We misdiagnosed the whole ordeal as having been caused by a hung wheel cylinder, and replaced all 6 wheel cylinders, shoes, and a drum. Didn't want that to happen again, ever. Of course it did, except based on the recent experience we figured it out before it got dangerous.
Next I replaced the air pack. 35 driving minutes later we were stopped again on the side of the road, brakes firmly set, waiting for them to release themselves while our rental car was being delivered. After contemplating Virginia's beautiful autumn foilage for awhile, found the brakes weren't releasing themselves and wouldn't release when I dumped the air resevoirs. Called to my parts supplier and learned that I needed to vent the fluid out of the wheel cylinders to make things right again. That worked, found a good place to leave the truck and took the rental to the airport to go back home.
I had weeks to study up on the system and mull my problems over and over. I decided to replace the air pack again, it was the only thing that could activate the brakes. I must've got a bad one. Back at the truck, we bought all the remaining DOT5 fluid in Franklin, changed out the air pack for the second time, installed a cab mounted brake fluid reservoir on (a la Roscoe Equipment's project instructions), put a BrakeSmart hydraulic pressure sensing trailer brake controller on, and got the brake shoes adjusted to the TM specs.
That didn't fix it either. At least with the brake adjustment all 6 wheels were heating up evenly, where prior they were heating unevenly. But with the bleeding workaround, travelled all the way from Franklin, Virginia to Cedar Park, Texas stopping every 30 to 55 minutes along the way to dump a tablespoon or so of fluid to keep the creeping pressure below the shoe/drum contact point.
The pressure at which the brakes start to drag seemed to be around 30 psi. This is below the threshold for the Brakesmart display so I had to figure this out from meter readings. After each bleeding the pressure read zero. After any brake application my pressure read maybe 15 psi, and from there it would slowly creep up till the brakes started dragging.
I read on the internet that once a shoe starts to drag, the heat warms the brake fluid in that wheel cylinder which causes it to expand, which makes the shoe drag harder, increasing the heat which increases the pressure, etc. until the fluid starts boiling or until a cylinder seal fails.
In Cedar Park, Texas, where the Comfort Inn there has a Texas shaped waffle iron, in an effort to delay our mornings departure in the hope that the light rain would clear up shortly, I finally discovered the real cause of my $6000+ problem - the master cylinder pushrod was mis-rigged.
The fact that the brake pedal gets harder (pushes back more and more) as you drive indicates that there is pressure pushing back against the master cylinder piston. Where does this pressure come from? It can come from the expanding oil or from the air pack piston pushing fluid out of the air pack. When the air pack piston moves, it works like a second master cylinder, working the wheel cylinders this also pushing back on the actual master cylinder, which is felt on the brake pedal.
But how can the air pack push back on the brake pedal? Well as long as the brake pedal is being pushed by your foot, or by the pushrod being adjusted too long, the air pack piston can push back against it just fine.

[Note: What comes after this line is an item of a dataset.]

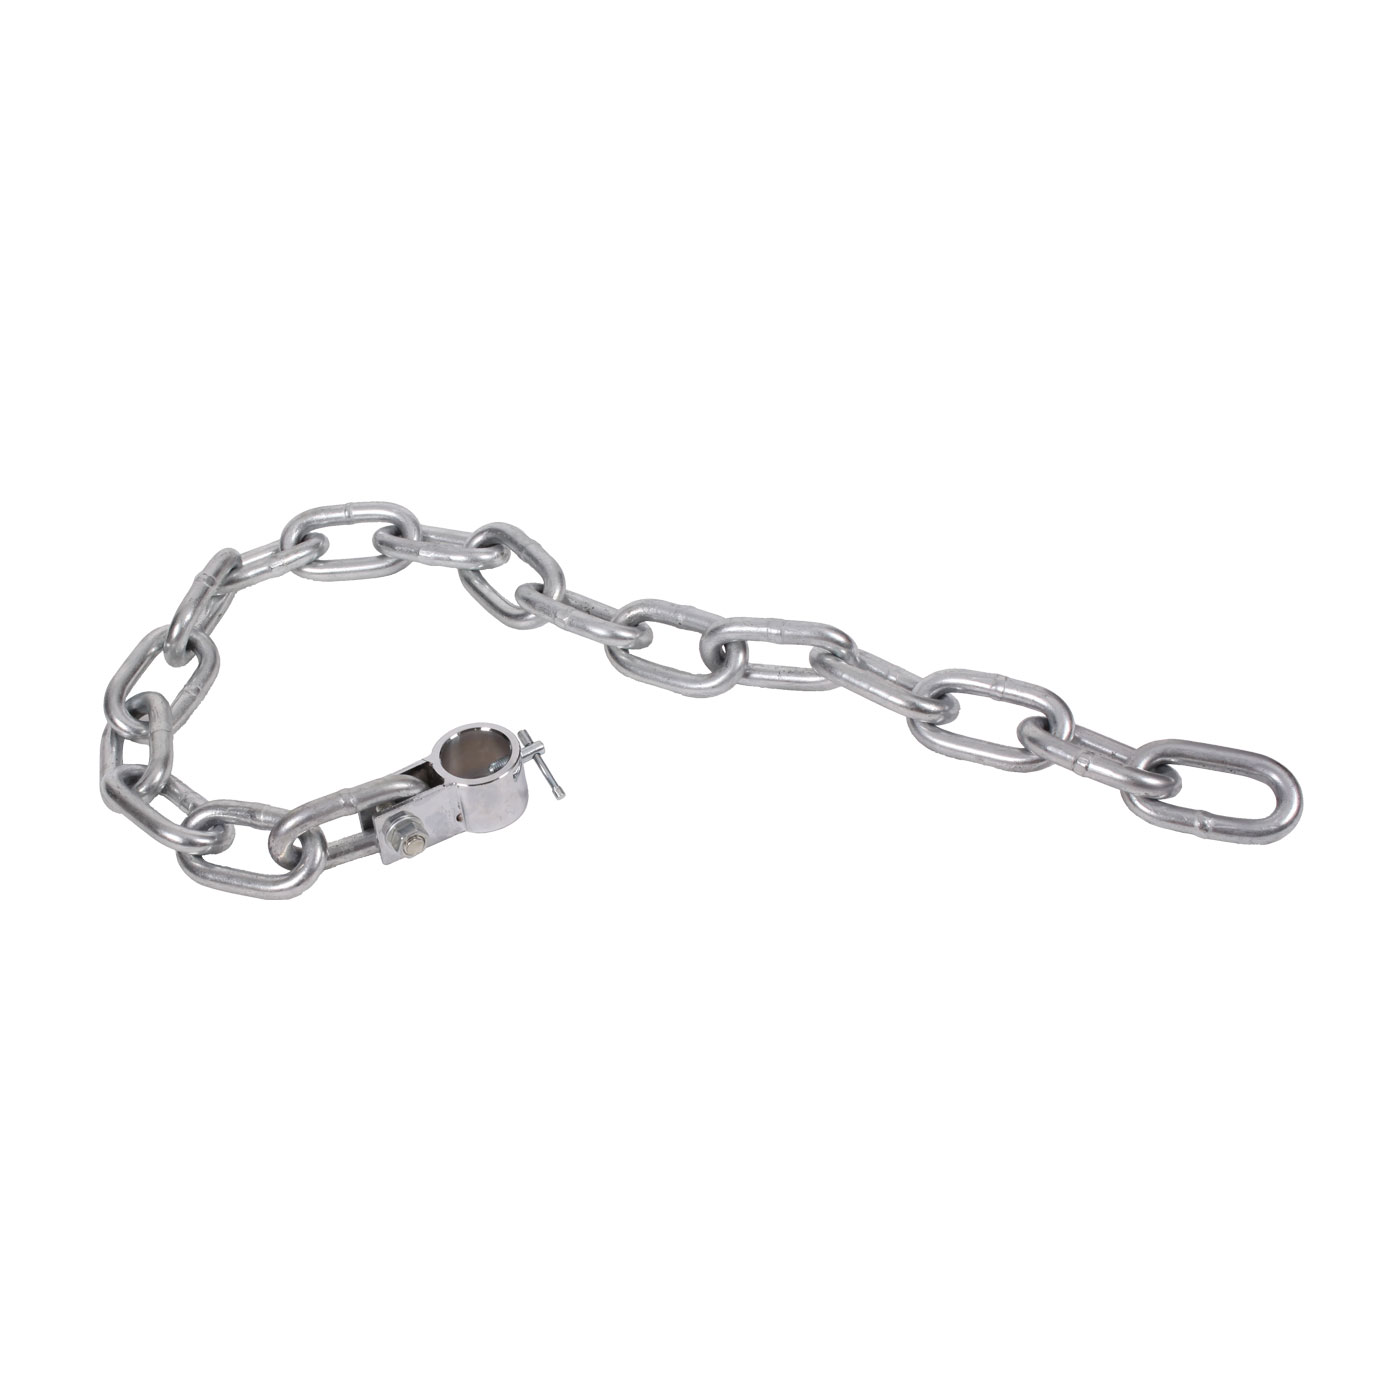 MDBuddy (20KG)重訓鐵鍊 6027301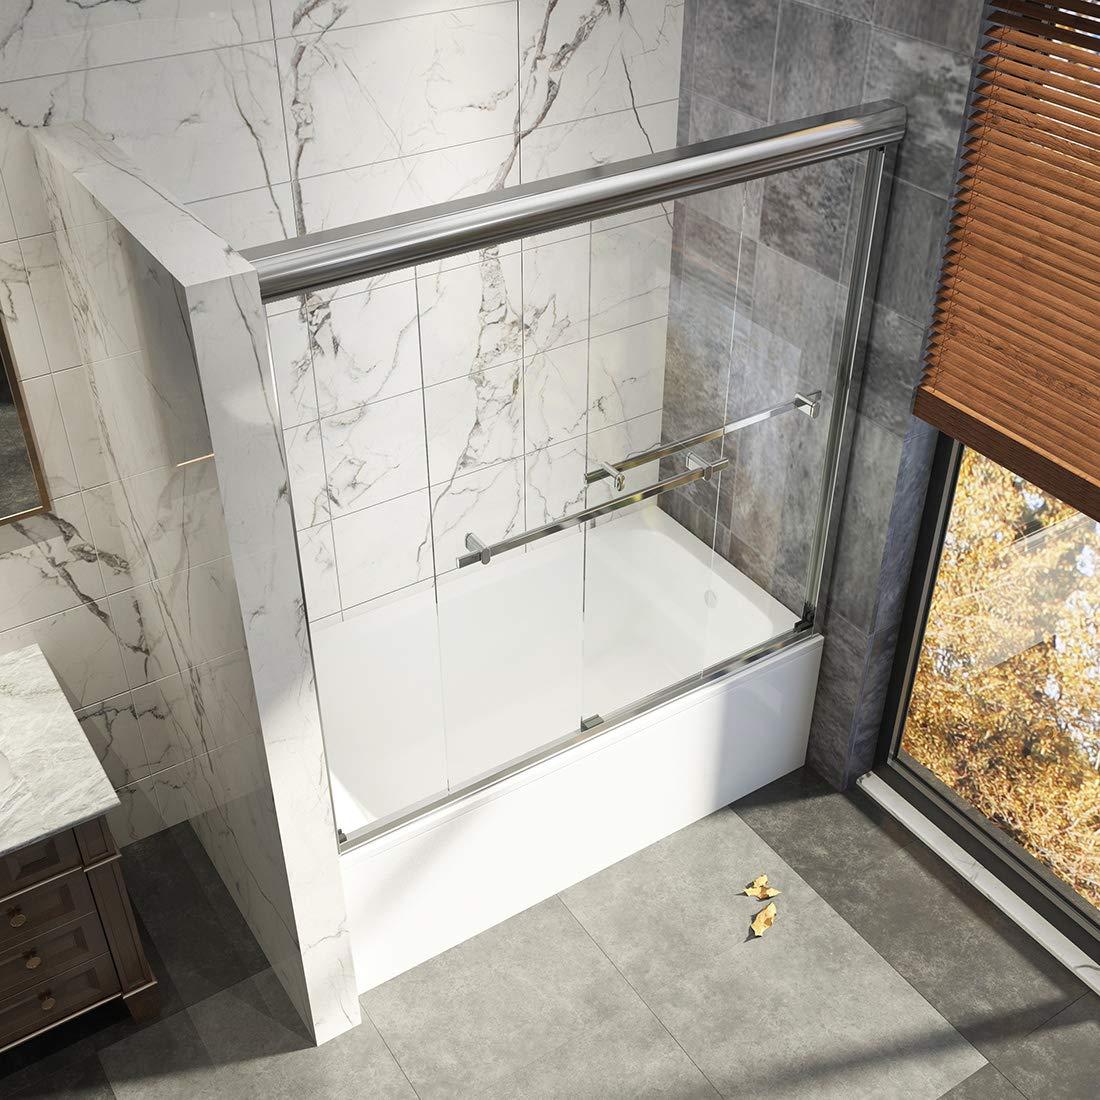 Duschdeluxe 36x55 Bathtub Shower Door 1//4 Clear Tempered Glass Hinged Pivot Framless Stationary Panel Bathtub Screen Chrome Finish

But at the very end of its travel, the master cylinder does one more thing that even after I had read through it several times it didn't really click how important it was... At the end of its travel, the master cylinder vents the brake line fluid back into its reservoir. Zero psig. No significant pressure can develope on the brake line with the vent port open.
So if the pedal's released and the pushrod is not too long, the master cylinder will be pushed back by any back pressure (as well as its internal spring) until the vent port is opened, dumping any pressure to the reservoir. With no pressure on the master cylinder side and residual pressure on the wheel cylinder side the air pack piston will be moved full brakes released.